Бандиты заржали, начав подавать советы. Доминго, весело скалясь, начал заплетать сложную косичку из свисающей кожи.
– Сестрёнке делал, младшей, – с ноткой ностальгии сказал он, дёргая жертву за получившую косичку. Взвыв, мулат дёрнулся вслед за полосками кожи, отчётливо спустившейся ещё ниже.
– Угу, – тихонечко пробурчал Маноло, недолюбливающий стилиста, – заплетал. Пока не изнасиловал вместе с дружком.
Правда это или нет, не знаю и знать не хочу. Биографии бандитов подчас такие прихотливые, что впору иному психиатру как основы для диссертации. Но и врут много, подчас наговаривая не только на членов банды, но и самих себя.
Какая-то психопатическая жажда внимания и признания. В один день бандит выставляет себя при доверительном разговоре безвинной жертвой, а в другой делится такими подробностями биографии, что хочется удавить эту падаль любой ценой. Даже если потом предстоит повиснуть на столбе.
С трудом удерживаюсь от того, чтобы не сблевать, видя забавы палачей.
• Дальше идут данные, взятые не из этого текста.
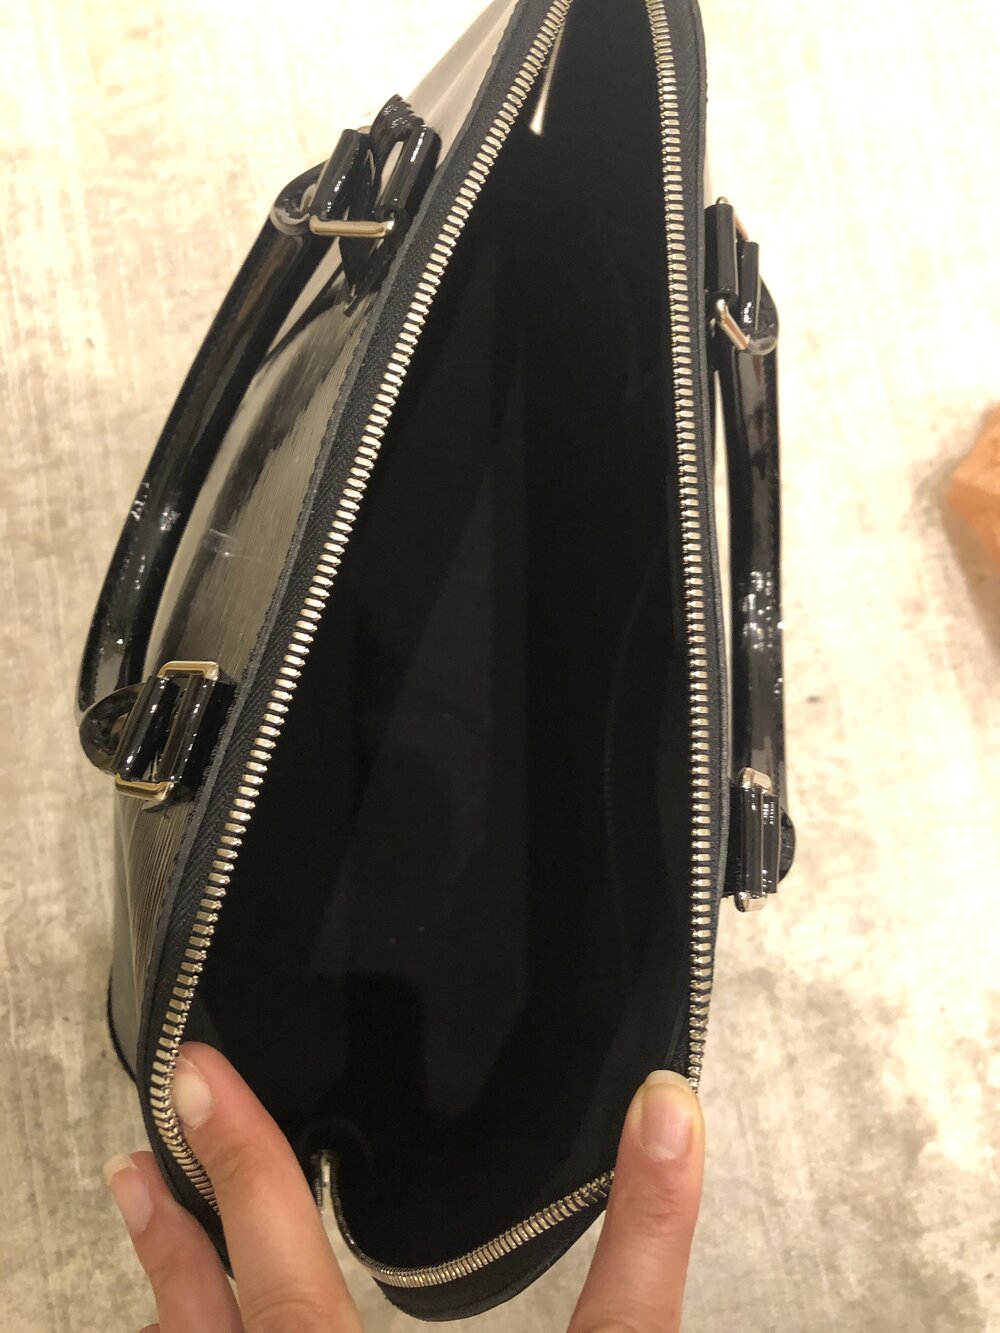 Louis Vuitton Alma GM Epi Patent Handbag

Как раб привилегированный, нахожусь среди бандитов и более того – в передних рядах. Если бы не сидел по-турецки, давно уже уплыл бы в обморок. Раньше думал, что просмотр ужастиков хорошая закалка… ошибался, к этому не привыкнешь.
Атмосфера ужаса, боли и… кошусь на Виктора – похоти. Ни один ужастик такого не покажет, не сможет передать… да оно и к лучшему.
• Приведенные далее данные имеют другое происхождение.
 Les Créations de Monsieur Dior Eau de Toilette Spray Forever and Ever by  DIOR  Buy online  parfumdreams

Глаза закрыть нельзя, как-то не хочется проверять – насколько я привилегированный раб, распространяется ли на меня запрет закрывать глаза под страхом второго акта. Рядом Маноло, тыкающий локтем в бок при удачных моментах. Заметит.
Время от времени глаза сами собой косят на знакомую фигуру индейца, стоящего в первых рядах, среди бандитов. По совести говоря, о нашем проводнике почти забыл. Стыдно немного… но человеком я его не воспринимал. Нет-нет, без расизма! Недочеловеком тоже!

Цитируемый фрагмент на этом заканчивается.